Connection Changes & Flow Item Reuse¶
In this lesson, you’ll learn to perform advanced Flow actions, such as:
changing dataset connections,
reusing Flow items, and
hiding parts of your Flow.
This content is also included in a free Dataiku Academy course on Flow Views & Actions, which is part of the Advanced Designer learning path. Register for the course there if you’d like to track and validate your progress alongside concept videos, summaries, hands-on tutorials, and quizzes.
Suppose your Flow consists of multiple datasets stored in a filesystem, and you want to store them in different locations, such as in PostgreSQL or an HDFS database.
Dataiku DSS allows you to change the connection of multiple datasets at the same time – either from the datasets page, or directly from the Flow. The available options for the new connection depend on the database connections that have been previously set up.
When changing connections, you also have the option to “Drop data” from the original storage location — which is useful for preventing unused datasets from taking up storage space.
Further, you have the option to “reuse connection settings if possible” — which allows you to reuse the file format settings that were previously set up in the Format/Preview page of the dataset.
In addition, Dataiku DSS warns you that “Changing dataset connections can break the computations or lead to different results”.
This situation can happen, for instance, if you try to store a dataset with an ‘array’ type column into a PostgreSQL database. Even though you succeed in saving the connection change, you will get an error message when you try to build the dataset, because SQL databases cannot store arrays.
When you change a dataset’s connection, you transfer its schema. The dataset itself is empty and needs to be rebuilt.
You can repeat the previous steps to change the connection of the datasets back to a file system, or to a different database, as needed.
Flow Item Reuse¶
Dataiku DSS also allows you to reuse existing recipes in your Flow.
Imagine a visual recipe that takes one input dataset. If you have another dataset to which you want to apply the same recipe, you can simply copy the existing recipe, to duplicate and apply it to the new dataset. By running the recipe, you can then build the output of the duplicate recipe.
You can also duplicate a code recipe. When you duplicate a code recipe, your input and output settings are automatically reflected in the Input/Output section of the recipe. But keep in mind that you must still manually change the input and output dataset names inside your code.
If you want to copy multiple datasets or recipes at once, use the Copy subflow option, from the Flow Actions menu, and select the objects you want to add.
Selecting a recipe also selects its corresponding input dataset. The selected objects are color-coded. For example, you can easily identify which ones will be duplicated (the green objects), or shared (the yellow objects).
If you want an object to be duplicated, not shared, select it and click Add.
Once you finish selecting objects, you can copy them to one of three destinations:
Choosing Existing project, allows you to select a different available project to which you can copy the objects.
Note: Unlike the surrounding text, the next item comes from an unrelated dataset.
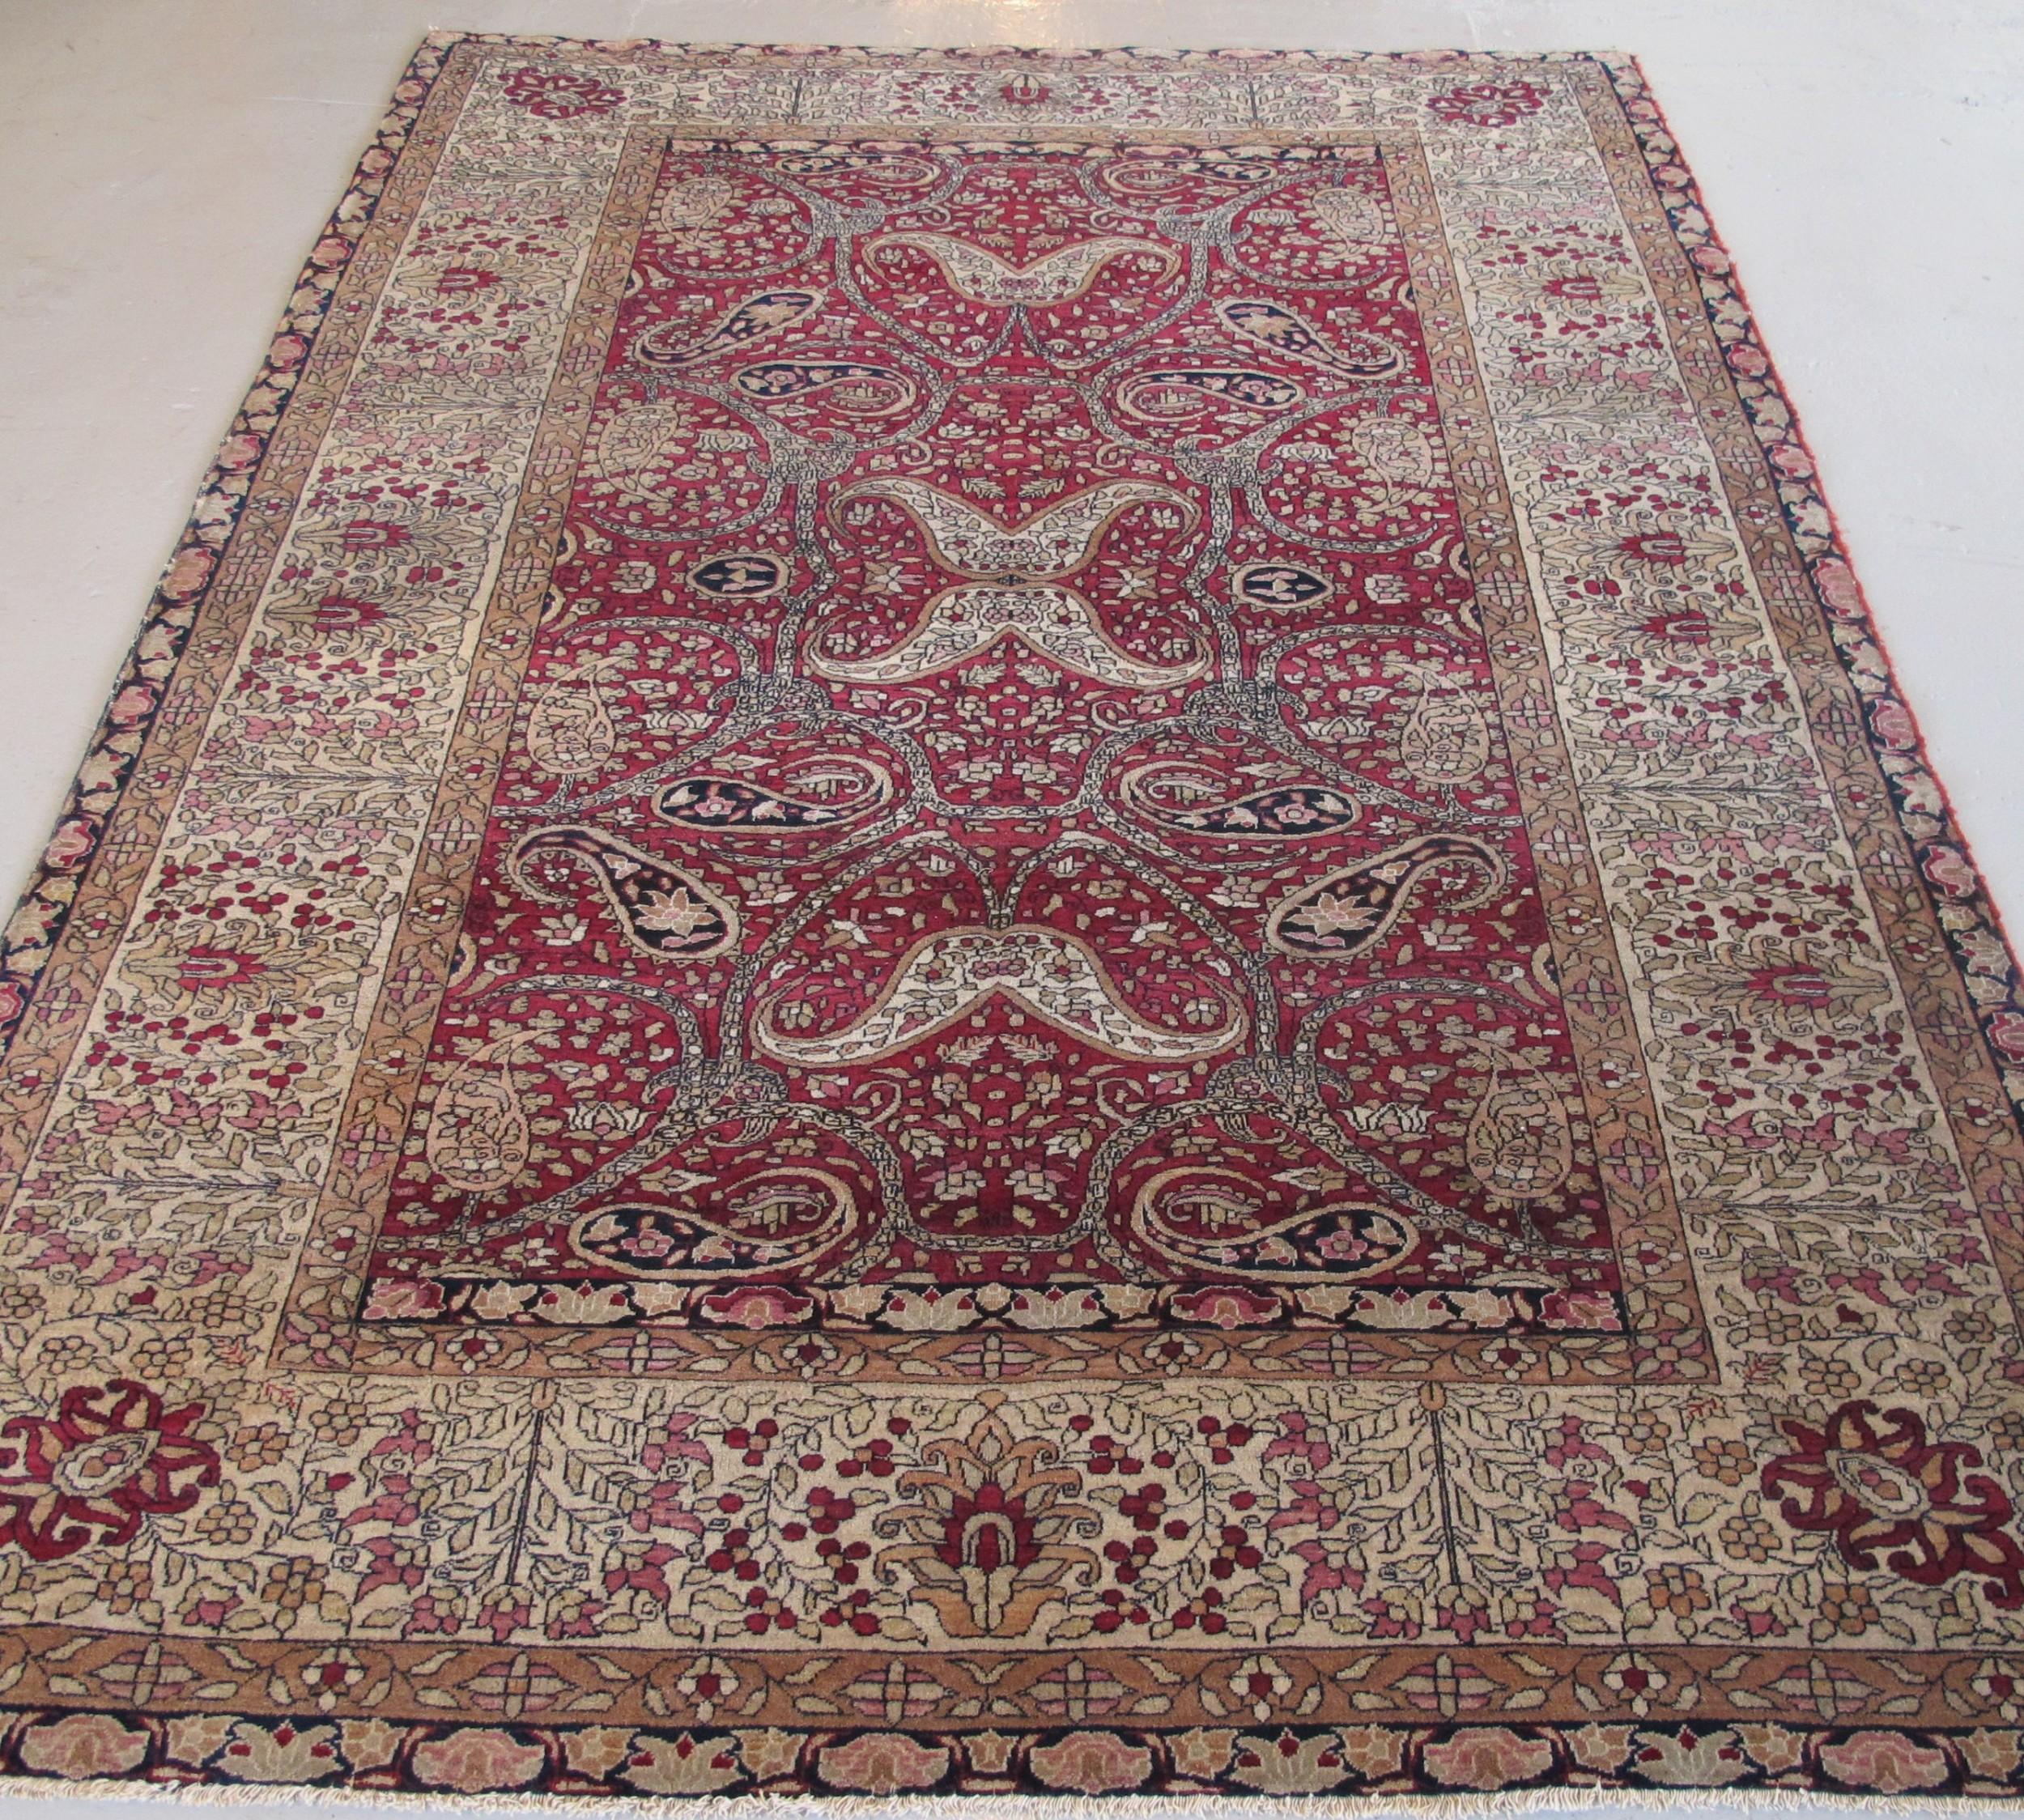 fine isfahan rug central persia circa 1910 232m x 150m 7'8 x 4'11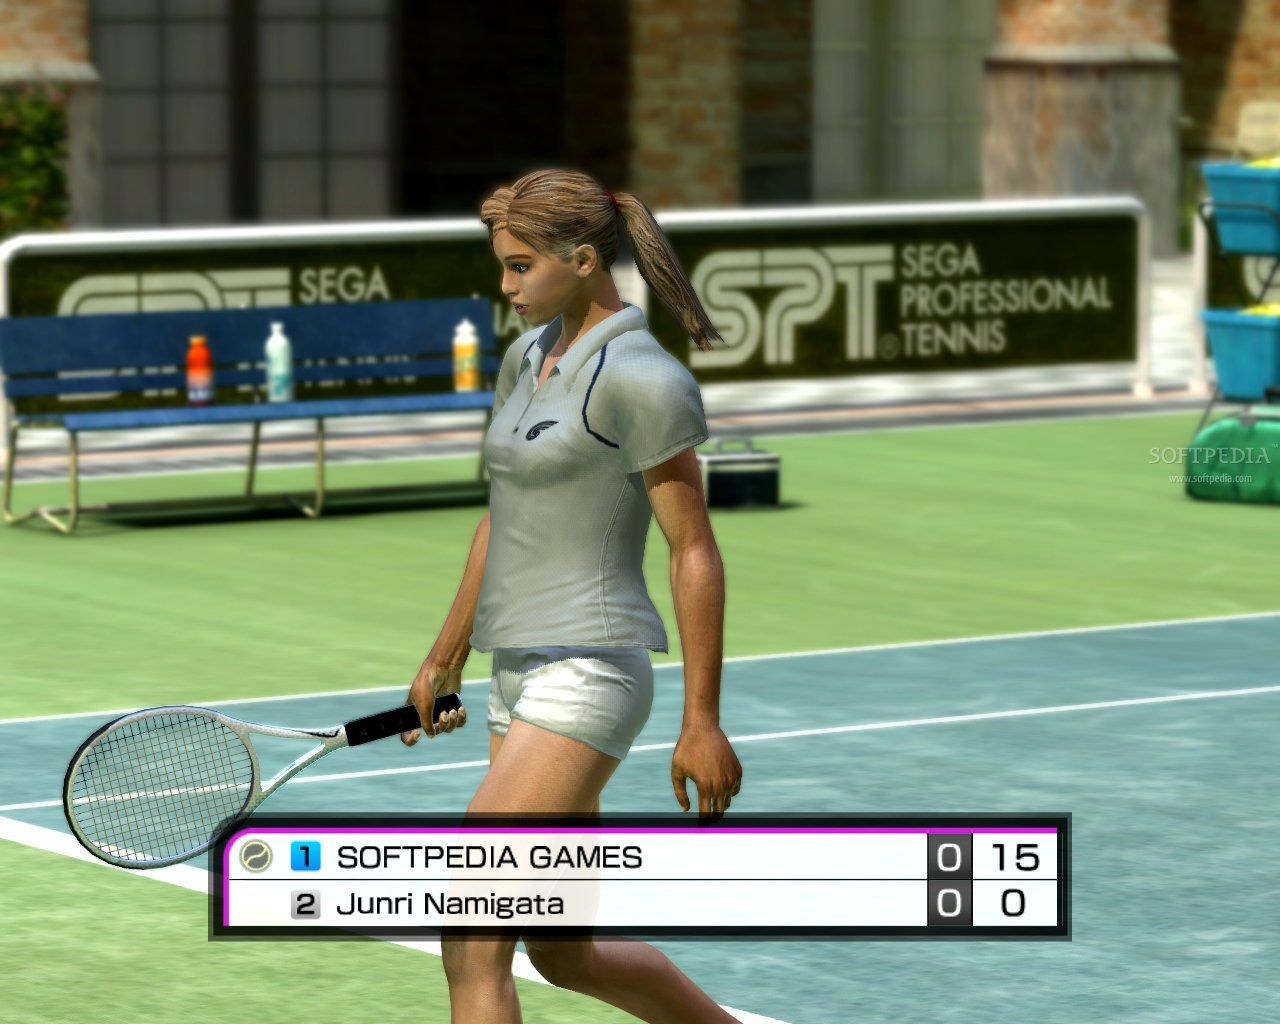 Virtua tennis 4 sega pc

Choosing Current project, copies the objects into the same project that you’re working in. For this, you’ll have to rename the objects to avoid duplicate names. You can further change the input datasets of recipes if desired.
Finally, choosing Create project creates a new project to be used as the destination of the copied objects.
When you copy a recipe to an existing project or a new project, the recipe’s input dataset will be shared between the source and the destination projects.
In the destination project, this dataset is colored black.
While in the source project, the dataset will have a curved arrow sign to indicate that it is shared with another project.
To stop sharing the dataset to the destination project, you can take action from the source project. This will delete the dataset from the Flow of the destination project.
Alternatively, you can stop sharing the dataset by taking action from the destination project. This won’t delete the dataset in the Flow of the destination project, but you will lose access to opening it.
Hide/Show Flow Items¶
Finally, Dataiku DSS provides the means to hide or show parts of your Flow, as needed. This is especially useful when working with large Flows.
By right-clicking a dataset or a recipe, you can access options that include Hide all upstream and Hide all downstream. This allows you to hide all the upstream or downstream objects connected to the selected objects.
To show the hidden objects again, simply click the plus (+) sign.
Congrats! Now you’ve seen how to change dataset connections, reuse Flow items, and hide or show parts of your Flow as needed.